[SUPPLIED DATA — start]

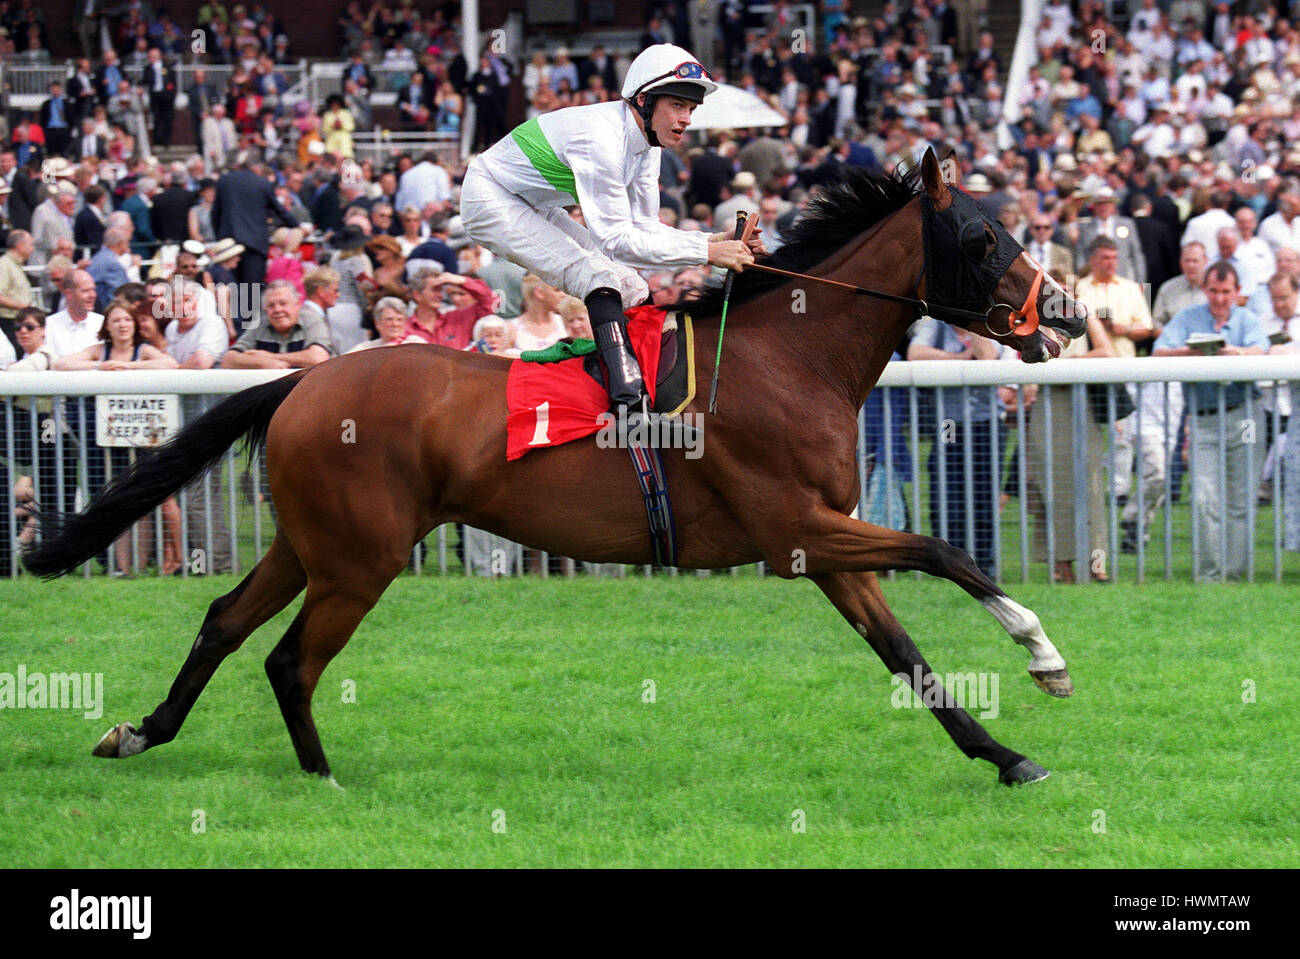 CAPE GRACE RIDDEN BY RICHARD HILLS 22 August 2000 - Stock Image
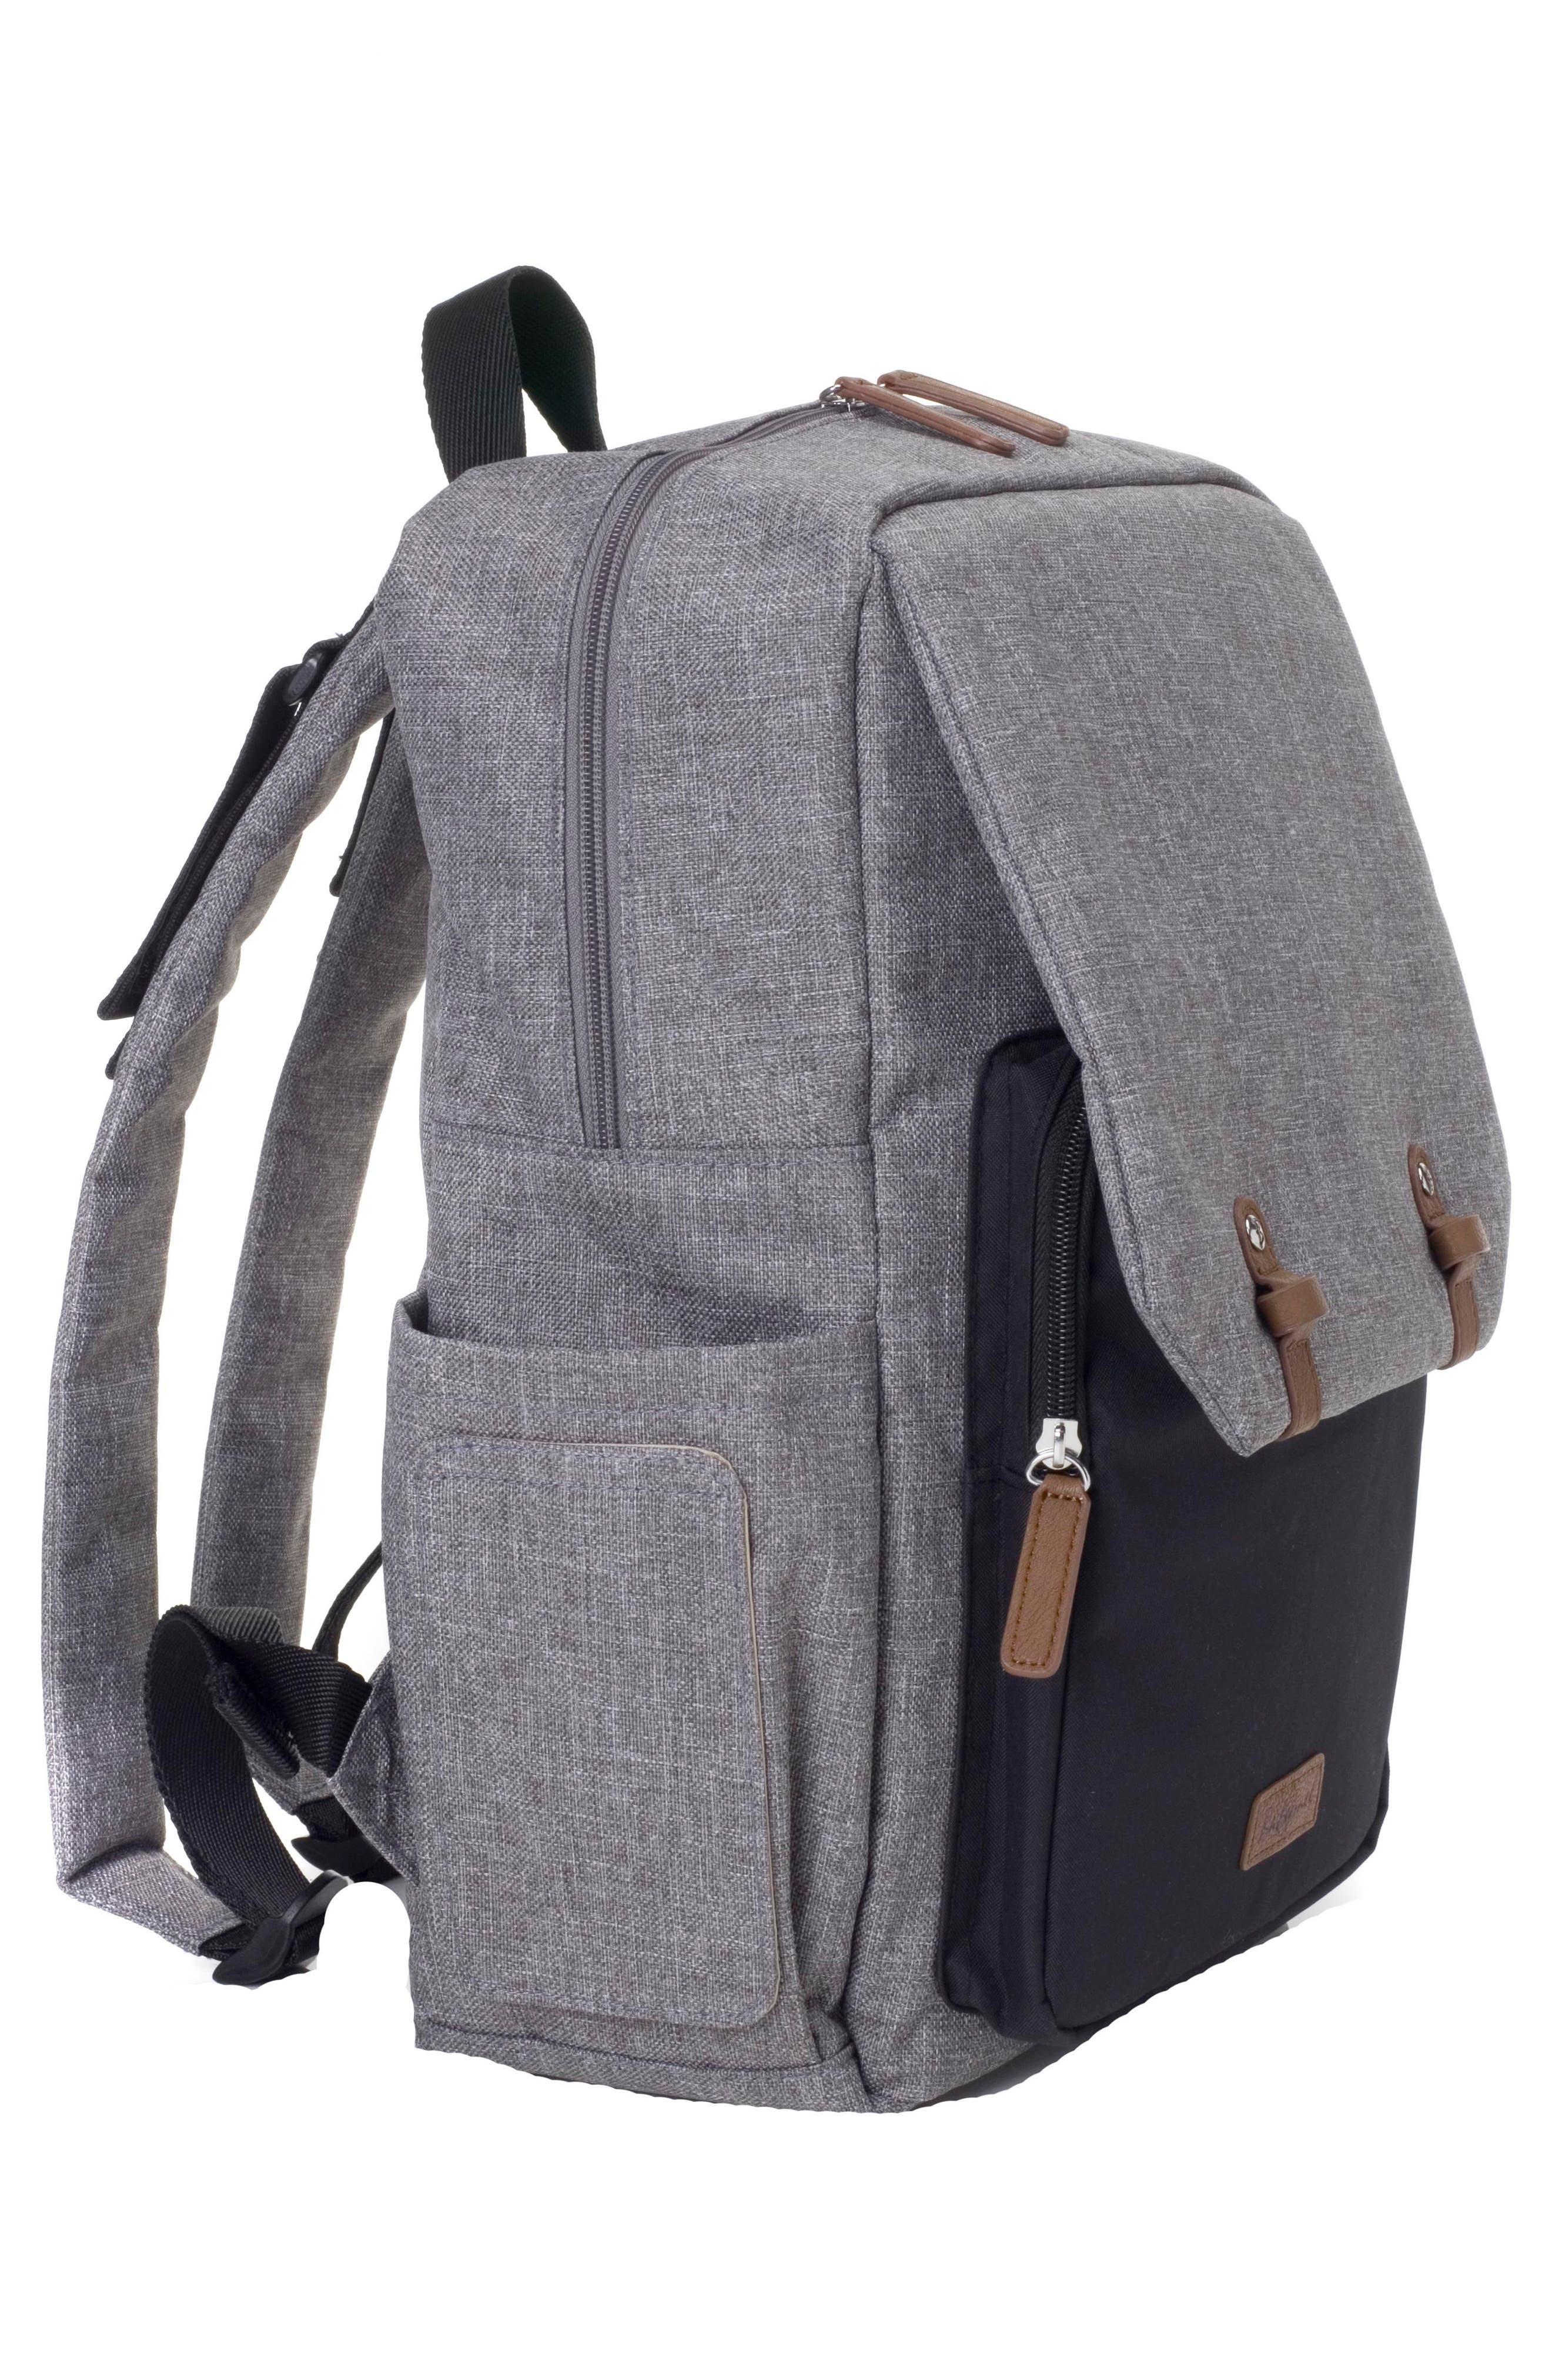 George Water Resistant Diaper Backpack,                             Alternate thumbnail 9, color,                             BLACK/ GREY
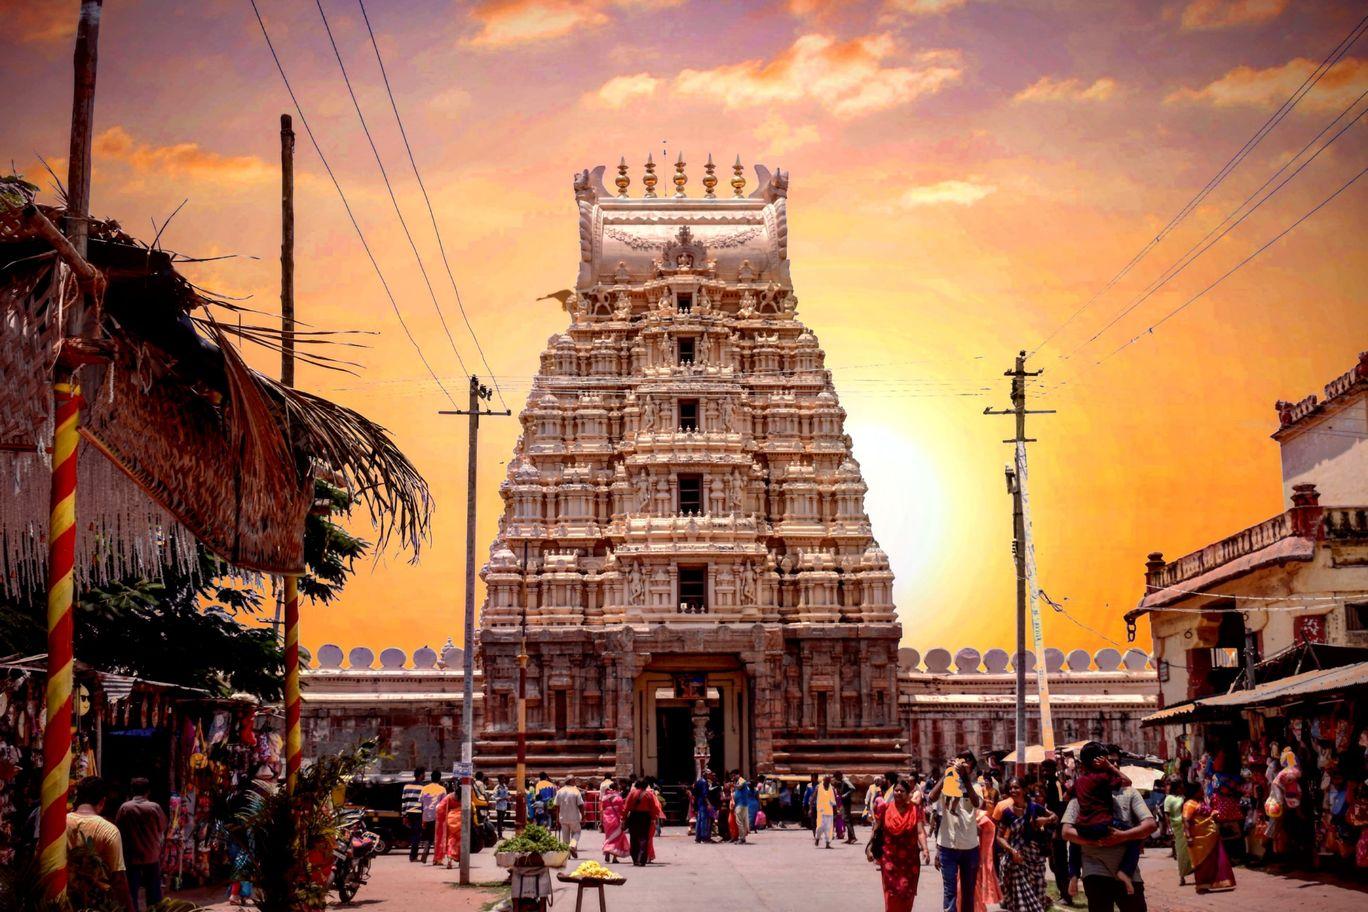 Photo of Ranganathaswamy Temple By Ritik jain

[SUPPLIED DATA — finish]

#### [WHAT IS REQUIRED]
Without including any pictures, reproduce the data exactly.

#### [OUTPUT FOR THIS EXERCISE]
 CAPE GRACE RIDDEN BY RICHARD HILLS 22 August 2000 - Stock Image
 George Water Resistant Diaper Backpack,                             Alternate thumbnail 9, color,                             BLACK/ GREY
 Photo of Ranganathaswamy Temple By Ritik jain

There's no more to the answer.